AAAR 34th Annual Conference
October 12 - October 16, 2015
Hyatt Regency
Minneapolis, Minnesota, USA
Abstract View
Characterization of Secondary Organic Aerosols Formed from the Photolysis of 2-Iodooctane/Air Mixtures Using 254nm Light
Iftikhar Awan, W. SEAN MCGIVERN, National Institute of Standards and Technology
Abstract Number: 726 Working Group: Aerosol Chemistry
Abstract The photolysis of alkyl iodides in air has been shown to be an excellent means to produce particles containing complex mixtures of oxygenated hydrocarbons in the laboratory. Previous work in our group has shown that photochemistry of peroxy radicals formed from the reaction of photolytically generated alkyl radicals with ambient oxygen has a significant impact on the condensed-phase product spectrum. This work focuses on the use of 2-octyl radicals formed via 254 nm photolysis of the C-I bond in 2-iodooctane in the presence of oxygen in a laminar flow cell. Condensed-phase oxidation products were collected on a microquartz filter and extracted in acetonitrile via sonication. The extract was chemically characterized using derivatization techniques to examine the hydroxyl and carbonyl functional group distributions with high-performance liquid chromatography (HPLC) coupled to UV-Vis absorption detection and ESI/MS-MS to selectively probe carbonyl- and hydroxyl-containing molecules. The observed carbonyl- and hydroxyl-substituted products are derived in part from peroxy-peroxy reactions, as expected in such a NO¬x-free environment. However, in addition, photochemically induced reactions, which include direct 2-octyl peroxy radical isomerization via internal H-abstraction and reverse dissociation to form 2-octyl radical and O2, play a key role.
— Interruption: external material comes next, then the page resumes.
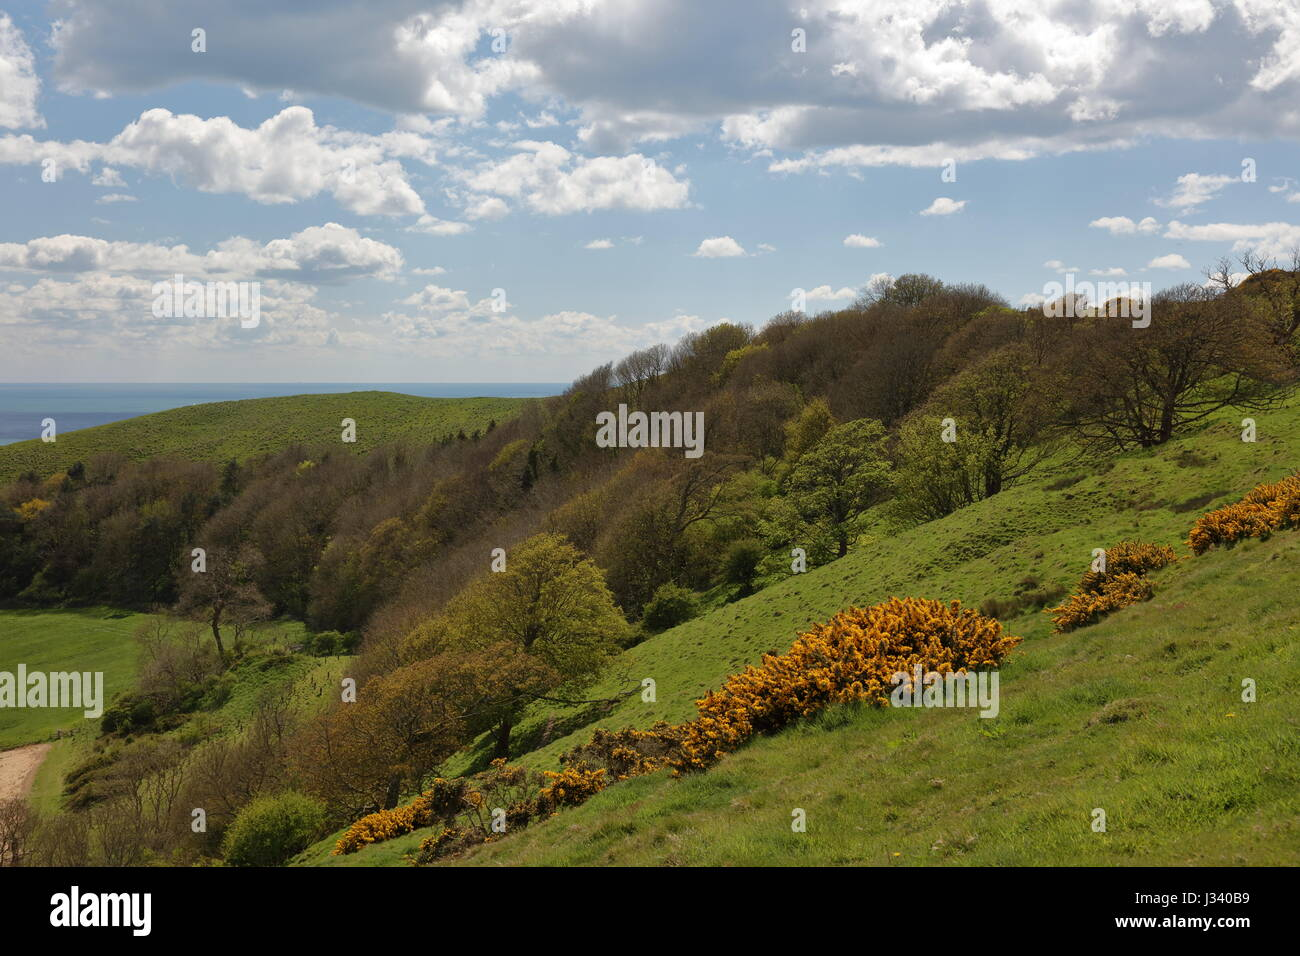 Naranja brillante primavera retamas y amplio paisaje fresco sudoeste hacia la cabeza Swyre Dorset UK Foto de stock
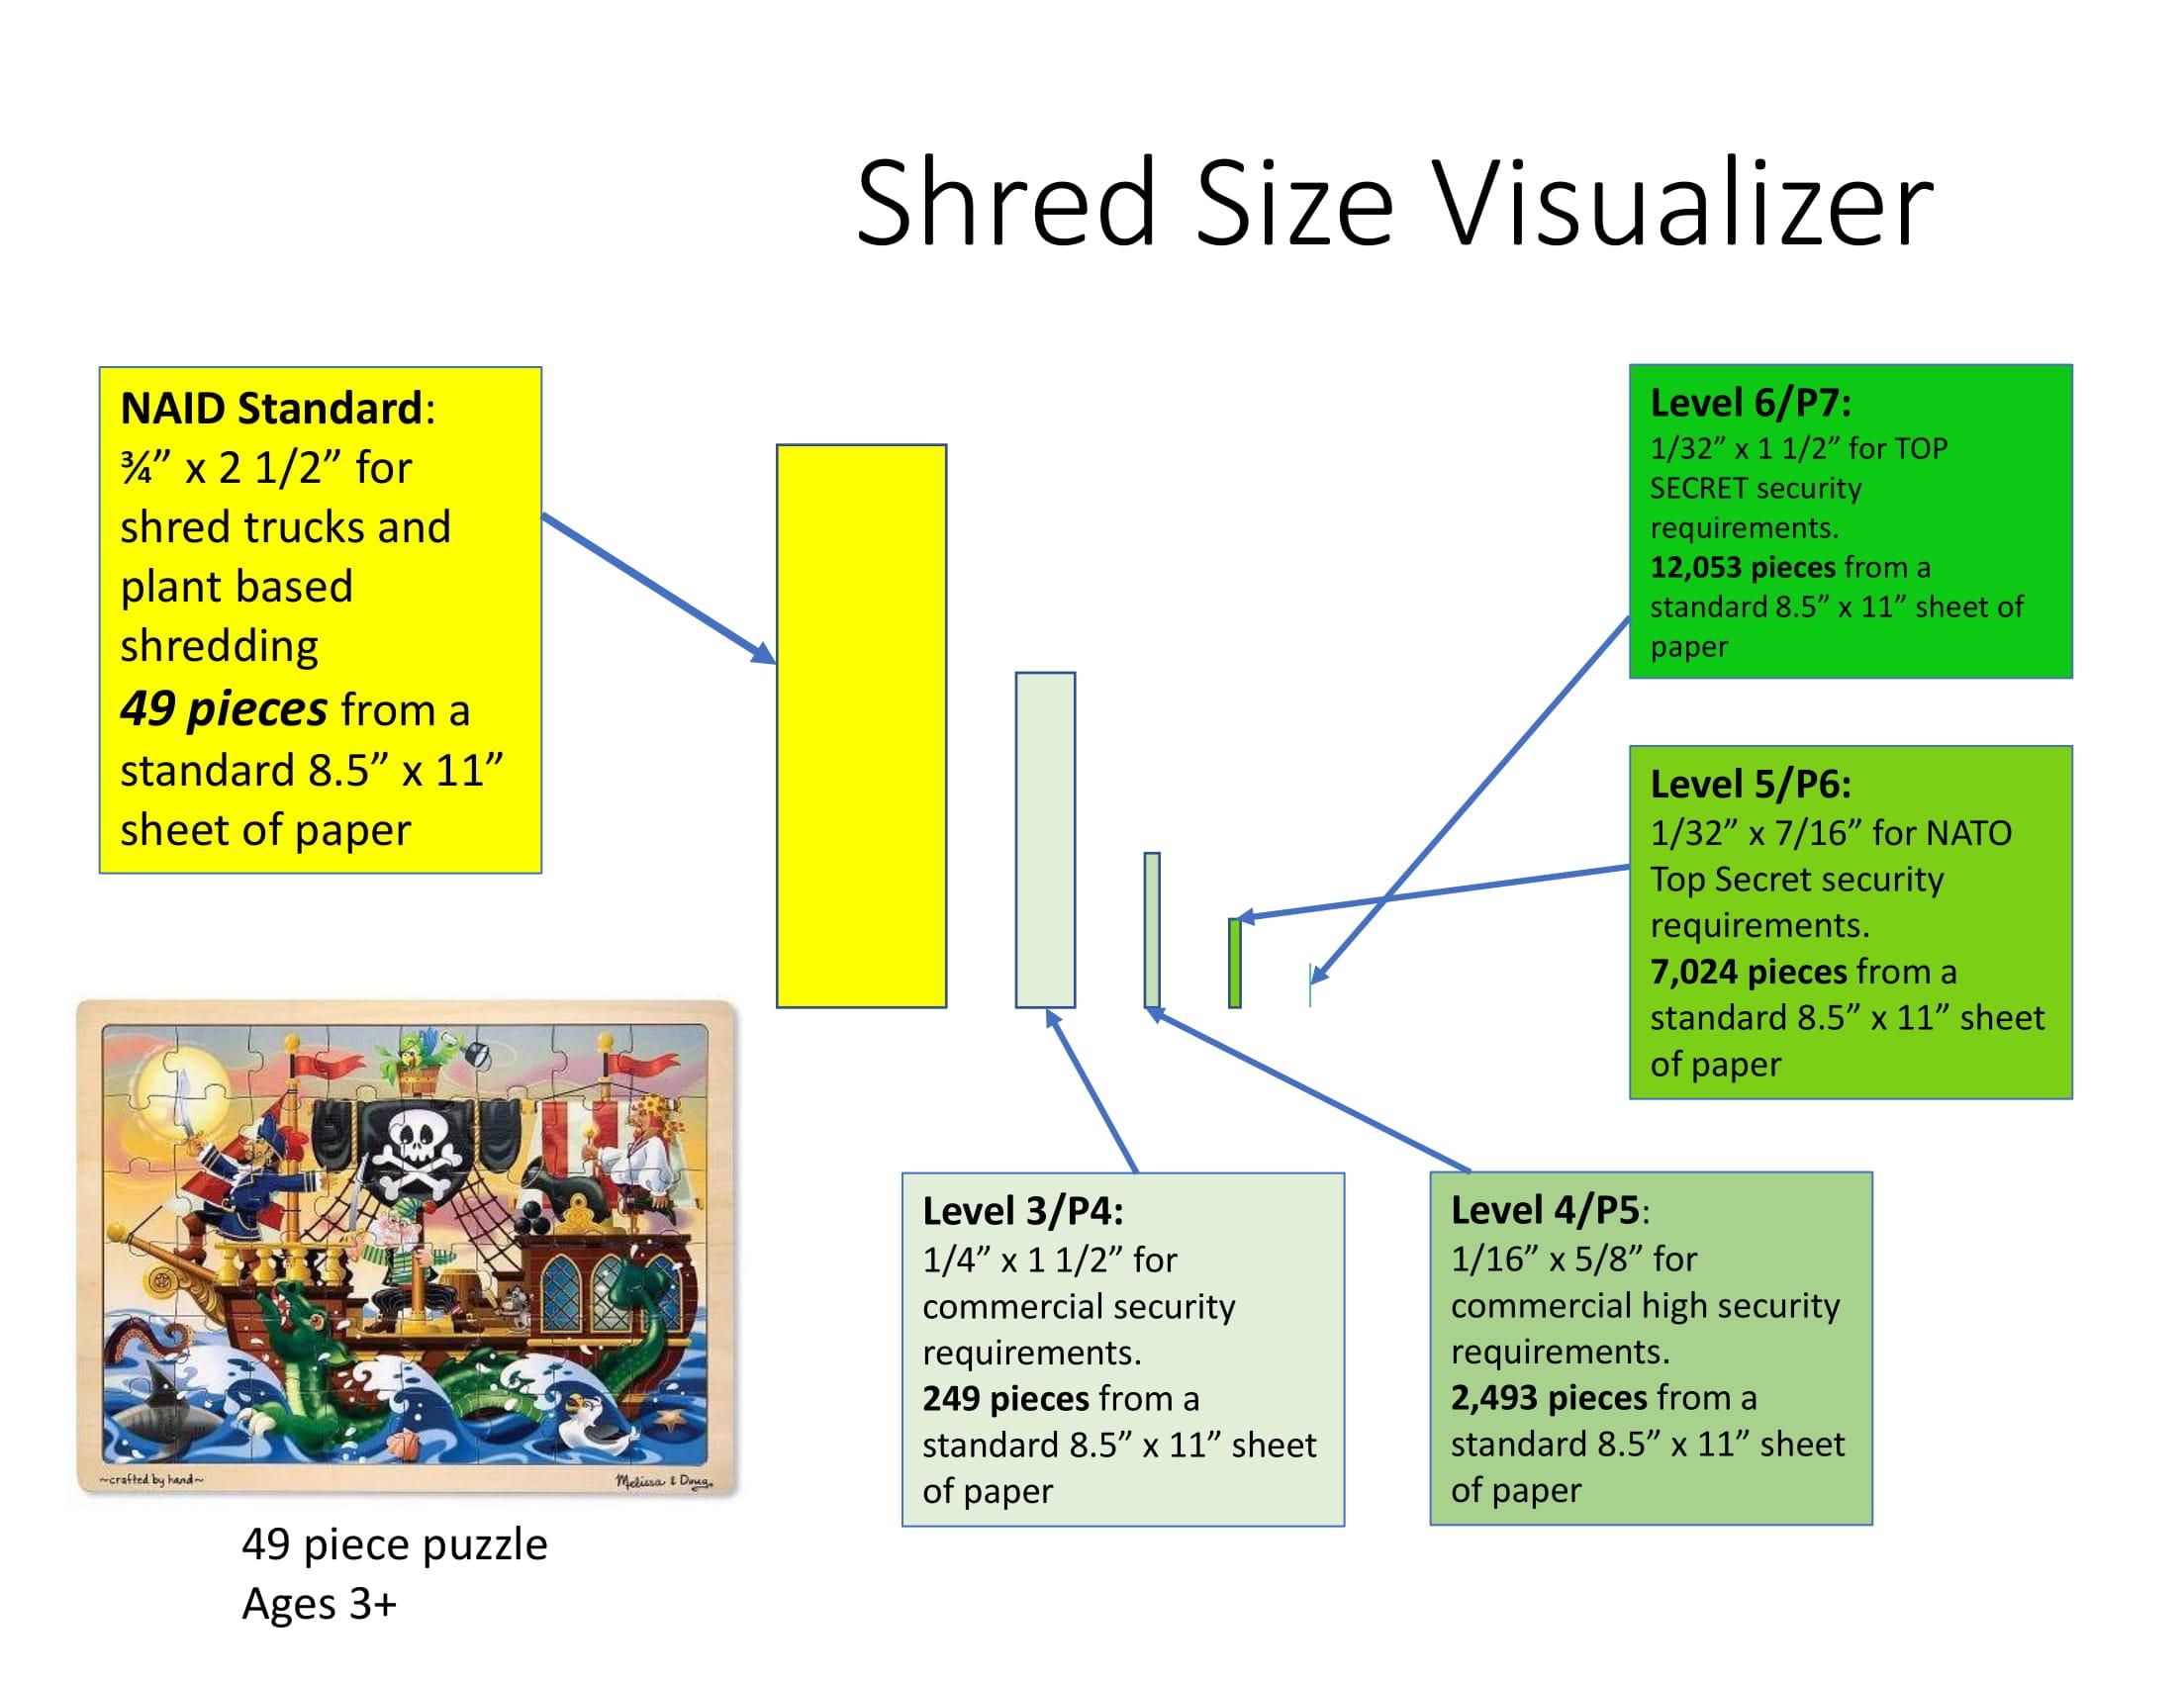 shred size visualizer

The complexity of the product spectrum is derived from these various channels, which scramble radical sites and further propagate the oxidation than expected in the absence of light. A comparison of the product distribution obtained from the present study with the condensed-phase product distribution of 1-octyl radical reactions with oxygen under the same experimental conditions will also be presented, particularly noting the differing carbonyl distributions that likely reflect the relative stabilities of the initial radical species and carbonyl products.